Пишу же я тебе обо всем этом, милая Таня, только затем, чтобы ты приготовила родителей к этому известию и узнала бы через папа у медиков: что означает этот случай, и не вредно ли это для будущего ребенка. Теперь мы одни, и она сидит у меня за галстуком, и я чувствую, как ее маленький острый носик врезывается мне в шею. Вчера она осталась одна; я вошел в комнату и увидал, что Дора (собачка) затащила ее в угол, играет с ней и чуть не разбила ее. Я высек Дору и положил Соню в жилетный карман и унес в кабинет. Теперь, впрочем, я заказал, и нынче мне привезли из Тулы деревянную коробочку с застежкой, обитую снаружи сафьяном, а внутри малиновым бархатом с сделанным для нее местом, так что она ровно локтями, головой и спиной укладывается в него и не может уж разбиться. Сверху я еще прикрываю замшей.

Я писал это письмо, как вдруг случилось ужасное несчастье. Она стояла на столе, Н. П. толкнула, проходя, она упала и отбила ногу выше колена с пеньком. Алексей[72] говорит, что можно заклеить белилами с яичным белком. Не знают ли рецепта в Москве. Пришли, пожалуйста».

Это загадочное письмо после его первой публикации[73] вызвало большой шум. Им заинтересовались представители психоаналитической школы, исследователи и биографы. В двух номерах Ленинградской газеты[74] тут же по опубликовании письма были помещены интервью с В. Г. Чертковым, В. И. Срезневским и Н. Н. Гусевым.

Н. Н. Гусев в редакционном примечании к тексту пишет, что «здесь под формою шутки скрывается изображение действительности, действительного душевного состояния, пережитого тогда Софьей Андреевной и больно отозвавшегося в душе Льва Николаевича». В интервью он более подробно высказывает свое мнение: «Это письмо – письменный след глубочайшего переживания Льва Николаевича в его взаимоотношениях с Софьей Андреевной в первый период его брака с ней. И это психологически вполне естественно. Каждому известно, что во взаимоотношениях между мужчиной и женщиной такой период, когда его спутница жизни представляется ему, хотя на время, неодушевленной, «фарфоровой», совсем не столь редкое явление. Каждый женатый переживал то же, что Л. Н. Толстой. Разница лишь в интенсивности переживания и ощущения отчужденности, потери или превращения в «фарфоровую» жены каждым. Ясно, у Льва Николаевича, как у гения художественных образов, это свойственное каждому мужчине в любви к женщине переживание вылилось в соответствующую по диапазону эпически-художественную форму».
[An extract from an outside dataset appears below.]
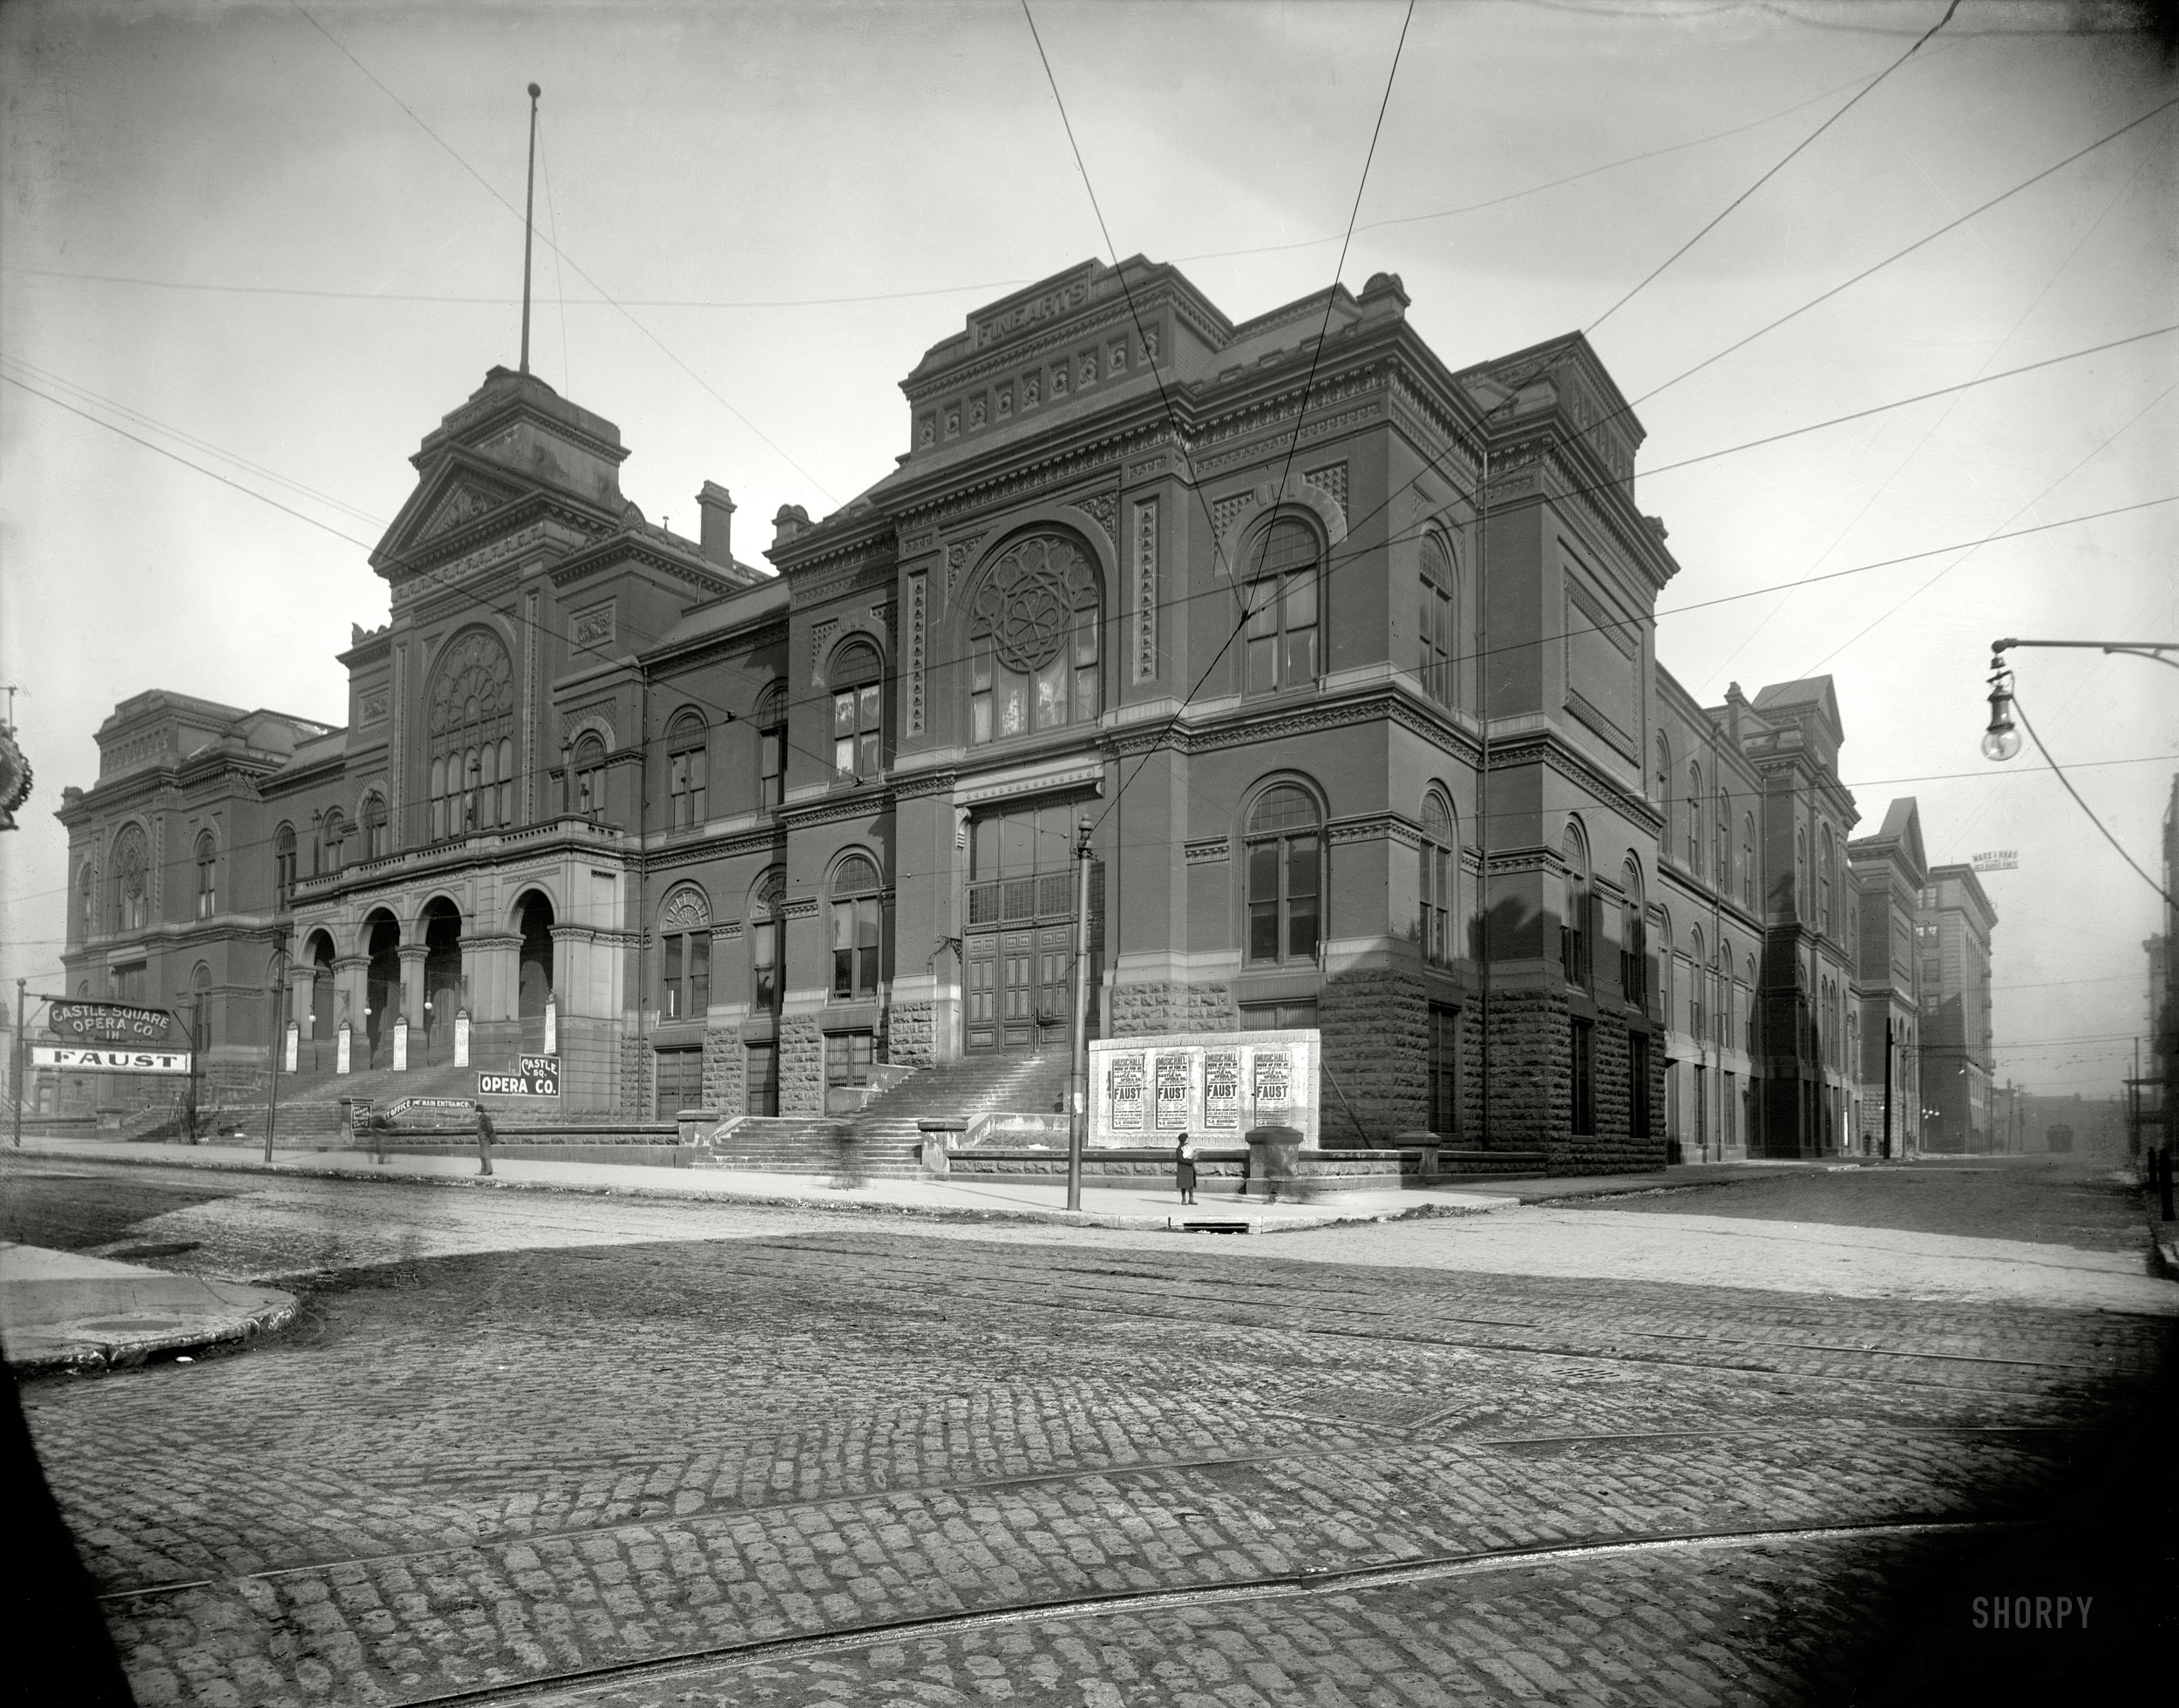 St. Louis, Missouri, circa 1906. "Exhibition Building." Where the Castle Square Opera's production of "Faust" looms large. 8x10 glass negative. View full size.

Наоборот, В. Г. Чертков и В. И. Срезневский категорически утверждают, что это – только шутка, что не следует выводить отсюда какие-то глубокие заключения, что это смешно и не соответствует реальности, тем более, что Толстой не стал бы посвящать юного адресата в свою семейную «драму». В. И. Срезневский не соглашается с мнением Н. Н. Гусева, «усматривающего в письме Льва Николаевича зародыш будущей семейной драмы Толстого… Первый период брака Толстого не был омрачен ни одной тучкой, отношения молодых супругов были безоблачные, и такая шутка в письме к Т. А. Кузминской вполне вероятна».

Мы не можем согласиться ни с тем ни с другим мнением.

На первый взгляд, это шутка. Так письмо было воспринято семейными[75], и никому и в голову не приходило придавать ему глубокий смысл. Трудно, разумеется, найти в нем следы надвигавшейся семейной драмы, но сопоставление с некоторыми намеками, разбросанными в документах, позволяет допустить, что это действительно не шутка, что здесь, быть может, бессознательно отразилась интимная сторона отношений.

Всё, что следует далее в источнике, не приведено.